I would start the day with a glass of fresh-squeezed watermelon juice (something I picked up in India last year which has obsessed me ever since), and a big bowl of pomegranate seeds. For lunch, we’d be outside, in the late spring, by the sea (France/Italy/Spain/Montenegro), under an umbrella of course, and we’d be drinking rosé and eating some sort of delicious salad—arugula, poached pears, a little bit of goat’s cheese, a crumble of crispy bacon, and a drizzle of balsamic and honey. For dinner, we’d be back in the U.S. (the Concorde would have been brought back into service, for this one day) at our best friend’s in Southampton, and my master-of-the-grill fiancé, David, would fire a bunch of hanger steaks to perfection (don’t judge until you have tried, sliced very thin).

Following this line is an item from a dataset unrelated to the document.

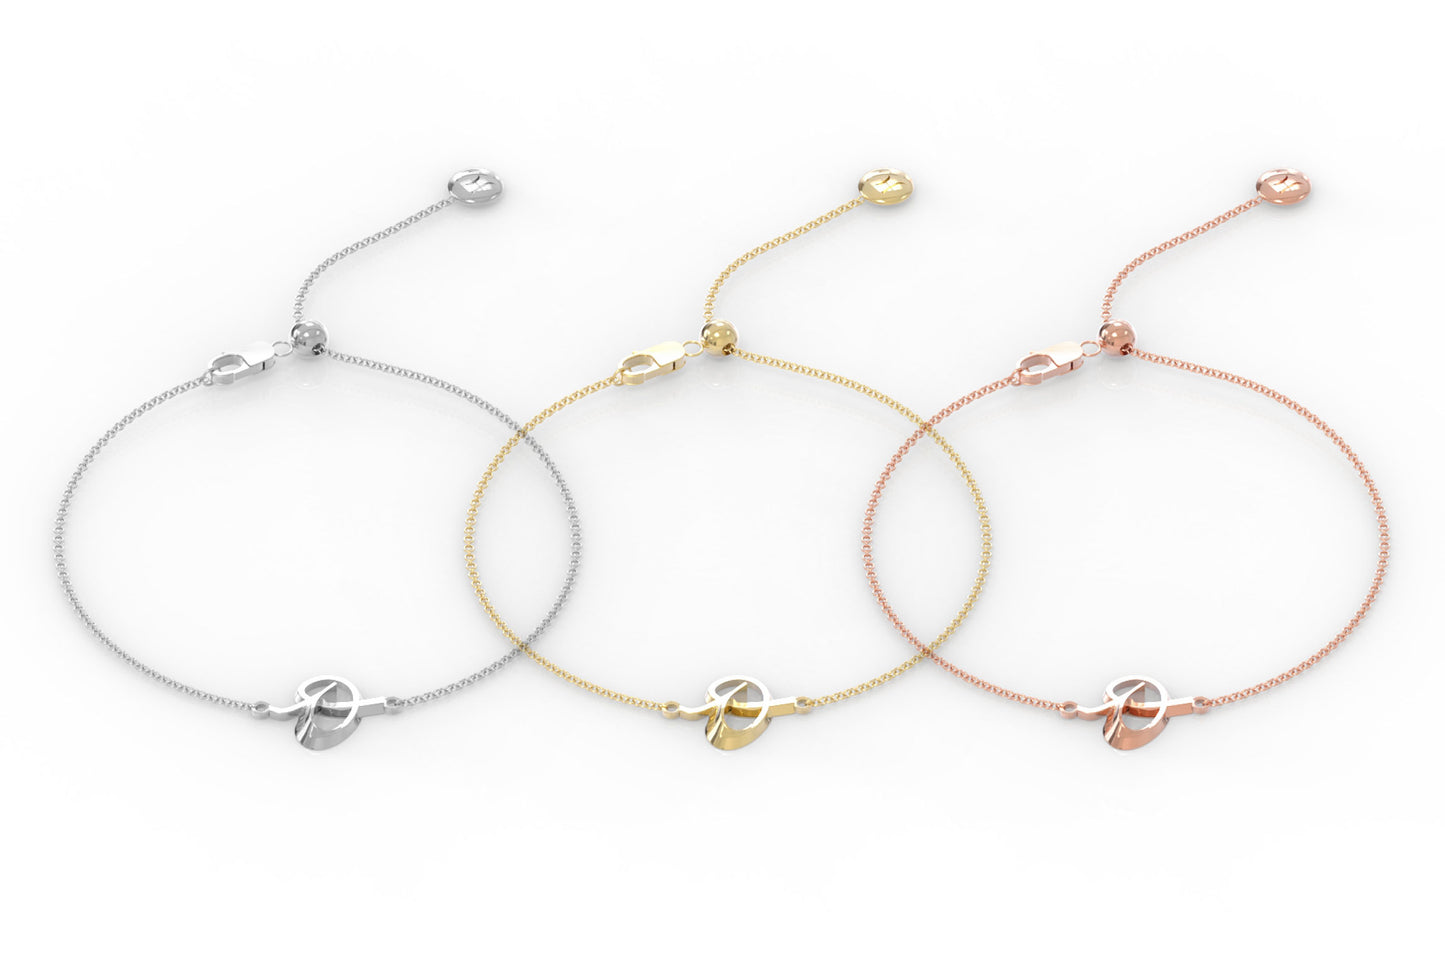 The Love Collect - "O" Bracelet

I’d make our favorite chimichurri—zingy, delicious—to accompany them, and char a few ears of sweet farm-stand corn and thick-sliced Vidalia onions on the grill.  For dessert: a thousand-calorie slice of Lady M’s mille crêpe au marron, a tumble of just-picked raspberries, and a scoop of rosewater ice cream.

How do you practice beauty from the inside out?

The best way to practice beauty from the inside out is to smile and treat people warmly—they will in turn feel good and smile back, and that is the true definition of beauty, no?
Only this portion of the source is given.